Python implementation: CPython
Python version       : 3.10.6
IPython version      : 8.12.0

torch: 2.1.0



In [2]:
import time
import numpy as np
from torchvision import datasets
from torchvision import transforms
from torch.utils.data import DataLoader
import torch.nn.functional as F
import torch.nn as nn
import torch


if torch.cuda.is_available():
    torch.backends.cudnn.deterministic = True

## Settings and Dataset

In [3]:
##########################
### SETTINGS
##########################

# Device
DEVICE = torch.device("cuda" if torch.cuda.is_available() else "cpu")
BATCH_SIZE = 64

##########################
### MNIST DATASET
##########################

# Note transforms.ToTensor() scales input images
# to 0-1 range
train_dataset = datasets.MNIST(root='data', 
                               train=True, 
                               transform=transforms.ToTensor(),
                               download=True)

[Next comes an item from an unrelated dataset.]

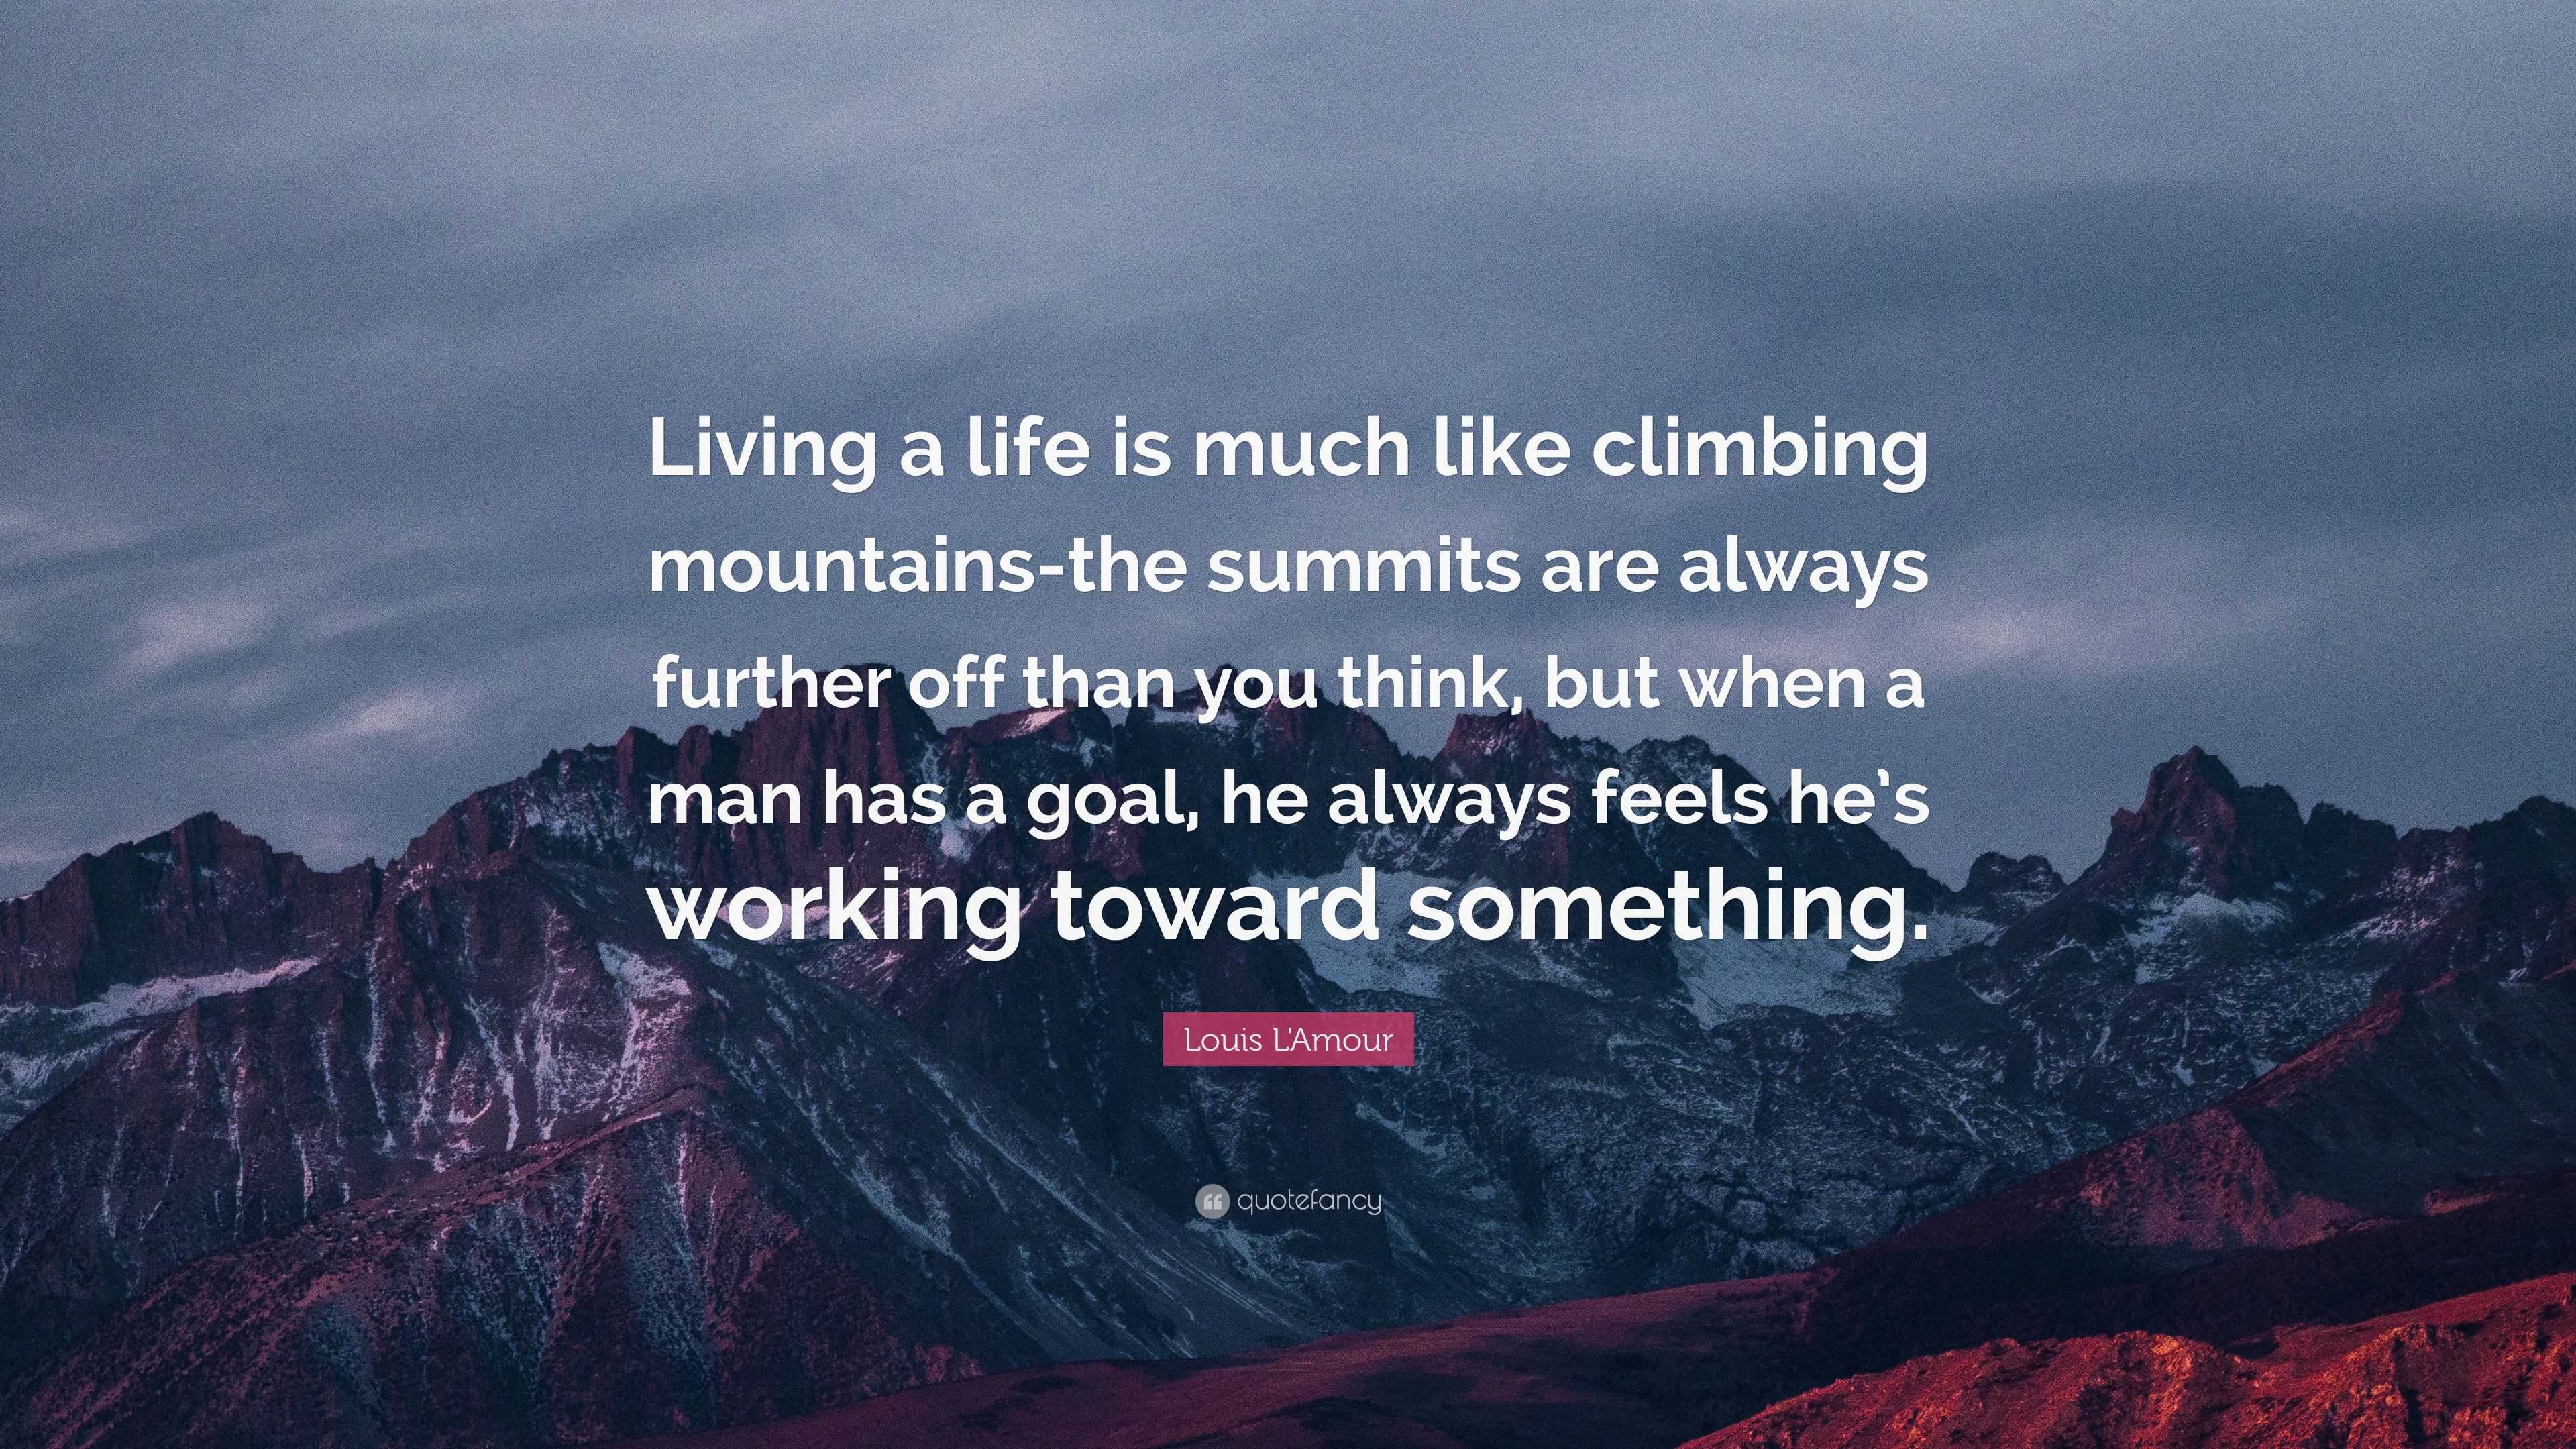 Louis L&#39;Amour Quote: “Living a life is much like climbing mountains-the summits are always ...

test_dataset = datasets.MNIST(root='data', 
                              train=False, 
                              transform=transforms.ToTensor())


train_loader = DataLoader(dataset=train_dataset, 
                          batch_size=BATCH_SIZE, 
                          shuffle=True)

test_loader = DataLoader(dataset=test_dataset, 
                         batch_size=BATCH_SIZE, 
                         shuffle=False)

# Checking the dataset
for images, labels in train_loader:  
    print('Image batch dimensions:', images.shape)
    print('Image label dimensions:', labels.shape)
    break

Image batch dimensions: torch.Size([64, 1, 28, 28])
Image label dimensions: torch.Size([64])


# Multilayer Perceptron Model (Without LoRA and DoRA)

In [4]:
##########################
### MODEL
##########################

# Hyperparameters
random_seed = 123
learning_rate = 0.005
num_epochs = 2

# Architecture
num_features = 784
num_hidden_1 = 128
num_hidden_2 = 256
num_classes = 10


class MultilayerPerceptron(nn.Module):

    def __init__(self, num_features, num_hidden_1, num_hidden_2, num_classes):
        super().__init__()

        self.layers = nn.Sequential(
            nn.Linear(num_features, num_hidden_1),
            nn.ReLU(),
            nn.Linear(num_hidden_1, num_hidden_2),
            nn.ReLU(),
            nn.Linear(num_hidden_2, num_classes)
        )

    def forward(self, x):
        x = self.layers(x)
        return x


torch.manual_seed(random_seed)
model_pretrained = MultilayerPerceptron(
    num_features=num_features,
    num_hidden_1=num_hidden_1,
    num_hidden_2=num_hidden_2, 
    num_classes=num_classes
)

model_pretrained.to(DEVICE)
optimizer_pretrained = torch.optim.Adam(model_pretrained.parameters(), lr=learning_rate)

In [5]:
def compute_accuracy(model, data_loader, device):
    model.eval()
    correct_pred, num_examples = 0, 0
    with torch.no_grad():
        for features, targets in data_loader:
            features = features.view(-1, 28*28).to(device)
            targets = targets.to(device)
            logits = model(features)
            _, predicted_labels = torch.max(logits, 1)
            num_examples += targets.size(0)
            correct_pred += (predicted_labels == targets).sum()
        return correct_pred.float()/num_examples * 100


def train(num_epochs, model, optimizer, train_loader, device):

    start_time = time.time()
    for epoch in range(num_epochs):
        model.train()
        for batch_idx, (features, targets) in enumerate(train_loader):

            features = features.view(-1, 28*28).to(device)
            targets = targets.to(device)

            # FORWARD AND BACK PROP
            logits = model(features)
            loss = F.cross_entropy(logits, targets)
            optimizer.zero_grad()

            loss.backward()

            # UPDATE MODEL PARAMETERS
            optimizer.step()

            # LOGGING
            if not batch_idx % 400:
                print('Epoch: %03d/%03d | Batch %03d/%03d | Loss: %.4f'
                      % (epoch+1, num_epochs, batch_idx,
                          len(train_loader), loss))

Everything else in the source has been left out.